“By the time I was 12, I’d built a darkroom in the house and was processing black and white pictures in my bedroom,” says Bader. “Late nights were spent perfecting the art. Everything grew from there. It became an obsession.”
Like many young men in the 1970s, Bader harboured ambitions to be a famous rock star and found that many of the leading bands who came to play in Guildford influenced his first professional photographic work. He’d go along to gigs every week and shoot the stars. Towards the end of the 1970s he had his first big break: he began working as an assistant to Brain Ward, the iconic photographer of David Bowie’s Ziggy Stardust and Hunky Dory albums.
“On the first day I started working with Brian, I was just 17, and he said to me ‘photography isn’t a job, it’s a way of life.’ Those words are so true: photography went on to consume my life. Brian and I put together a book of pictures that Bowie had stashed in the studio from the early ‘70s. The great man himself came along and went through them with us. People always ask what he was like: enigmatic, but very easygoing. Looking back, it was an amazing period. At the time I was young and wide-eyed and just got on with it.”

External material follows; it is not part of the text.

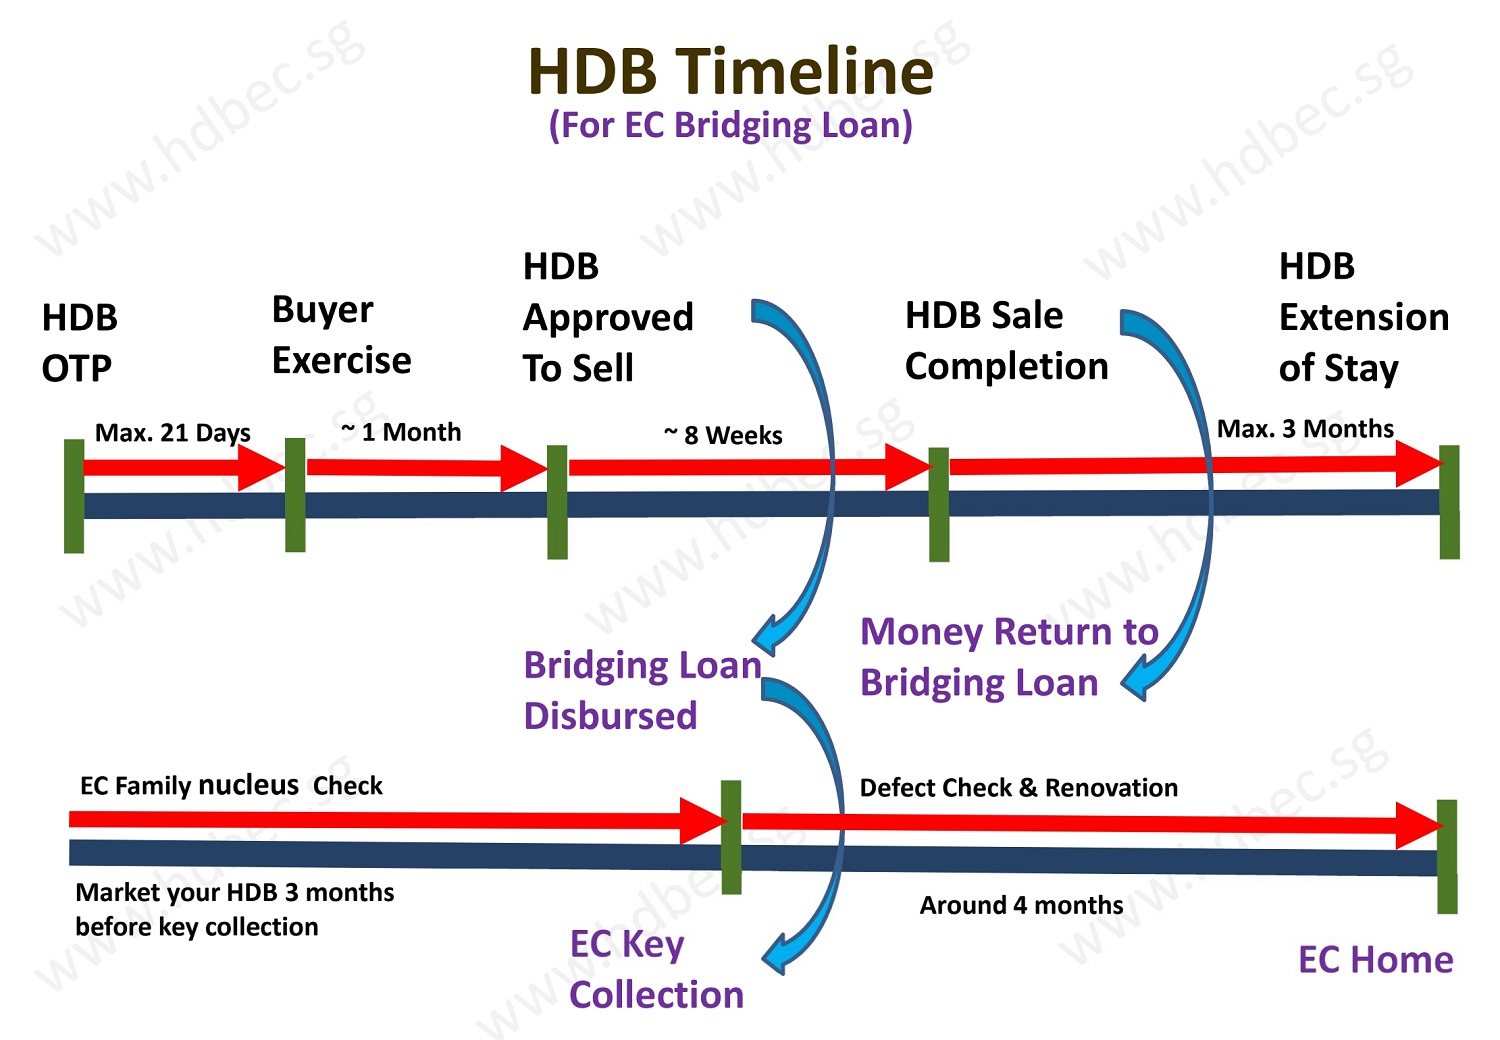 HDB Timeline for EC Deferred Payment Bridging Loan
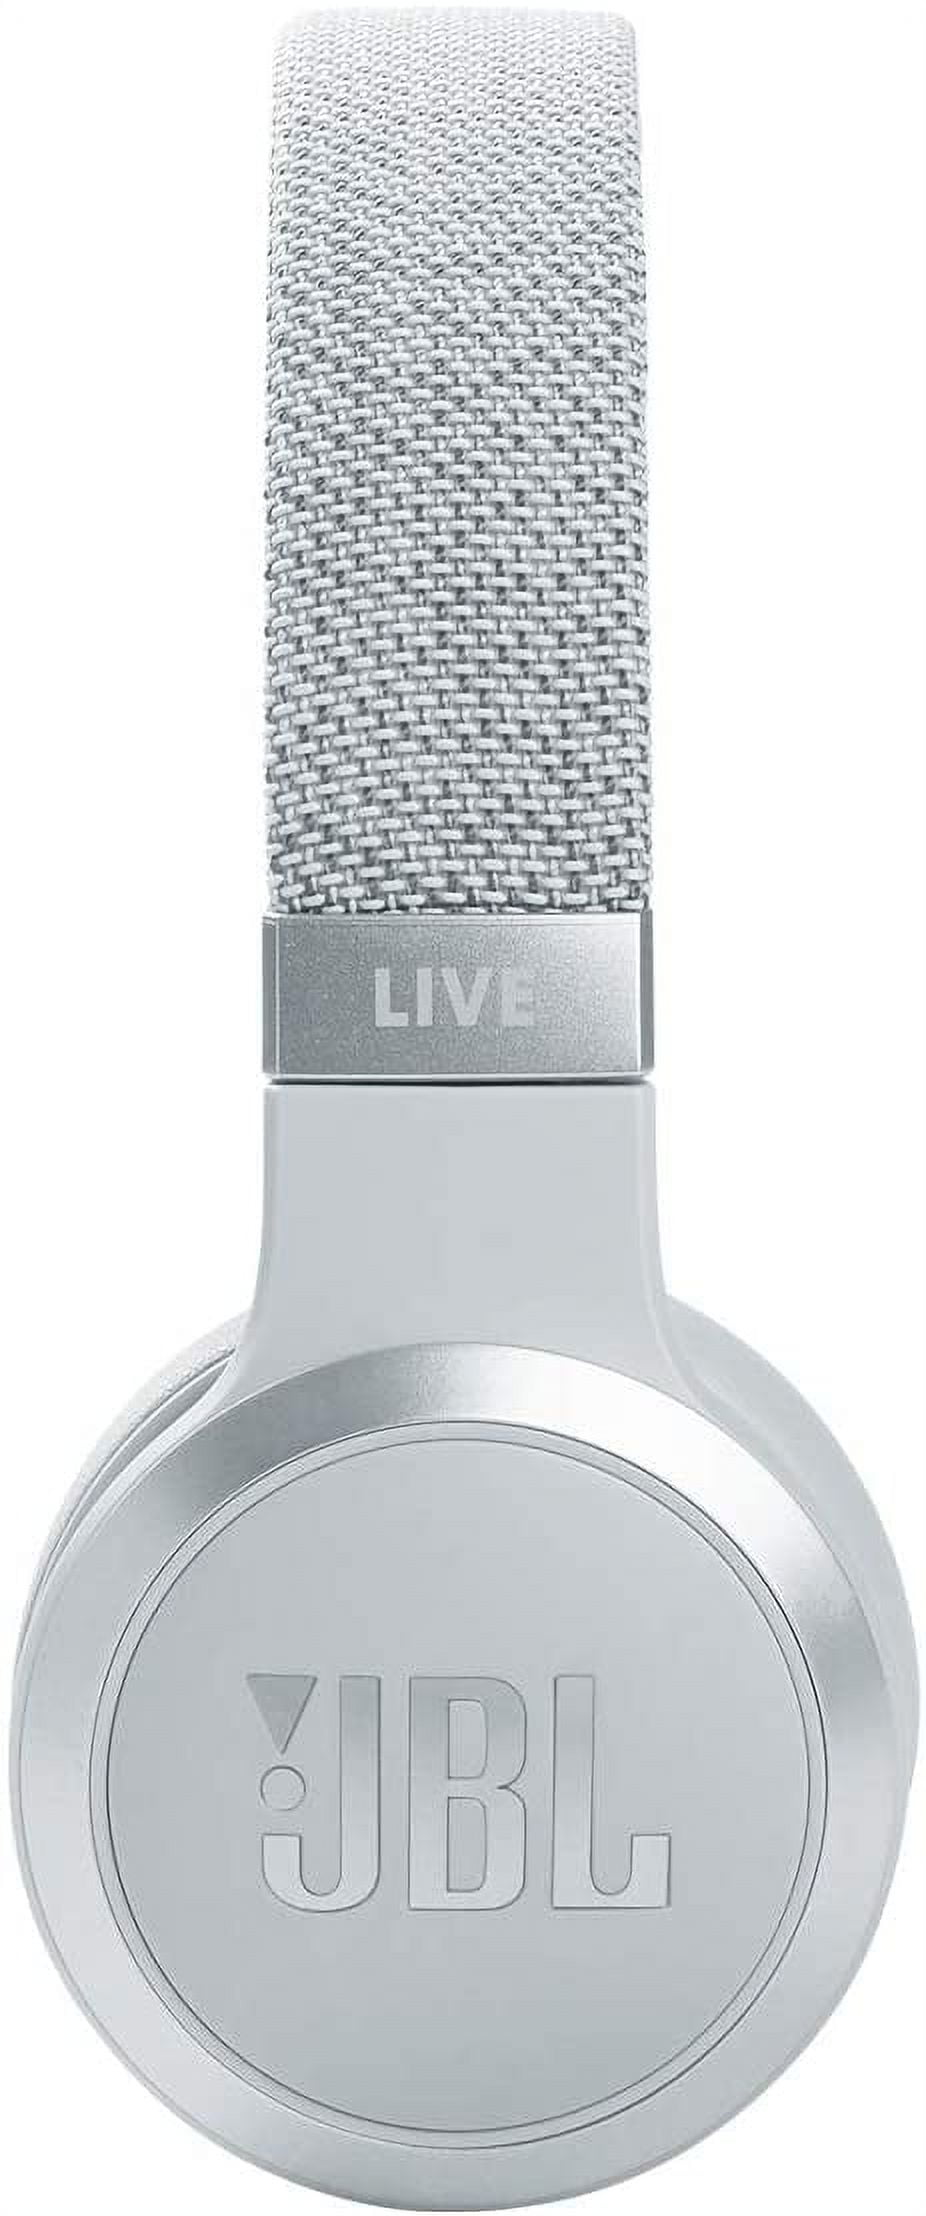 JBL JBLLIVE460NCWHTAM Over-Ear Silver, Noise-Canceling Headphones, Wireless

After four years, Ward literally kicked Bader out of the studio. “He said I had my own ideas, set me up with a couple of commercial clients and told me just to get on with it,” laughs Bader. “It was nerve wracking, but he did me a great favour.”
A decade of working in fashion photography, for all the major clothing catalogues followed. Bader had to learn on his feet.
“Thinking about it now, I can’t believe we actually managed to do those shoots,” he admits. “This was in the days when everything was shot on film. We’d go away for three weeks on a shoot with models, hairdressers, stylists, the whole works and then come back and process the material. Miraculously, there were usable images on the film, but it was a crazy time. It wouldn’t happen today, of course, because with digital every shot is approved before you take another. We just had to totally trust our equipment. It really helped me learn the technical side of the business very quickly.”
Bader has always set himself new goals in his career and while the 1980s was a fascinating time to be involved in fashion, he tired of it; creatively he felt limited.
“It became just about photographing another rail of clothes,” he explains. “I fancied a complete change and began to travel for work. It was really inspiring to suddenly be out on my own, with a camera slung over my shoulder.”
This was also around the time of the birth of the celebrity portrait and Bader combined his travel with freelancing for magazines like the Mail on Sunday’s You. He was, he says, just as content photographing high profile celebrities as ordinary people he spotted on the street.
“I always try to get underneath the skin of someone, especially if that person is well known. I go in with an idea of the picture I want to achieve – but a good photographer has to be willing to adapt, because situations always change and some personalities can be difficult.”
In the 1990s photography was transformed with the advent of digital. It was a tumultuous period which, in Bader’s opinion, “sorted the men from the boys.” Bader once more rose to the challenge and embraced the new technology.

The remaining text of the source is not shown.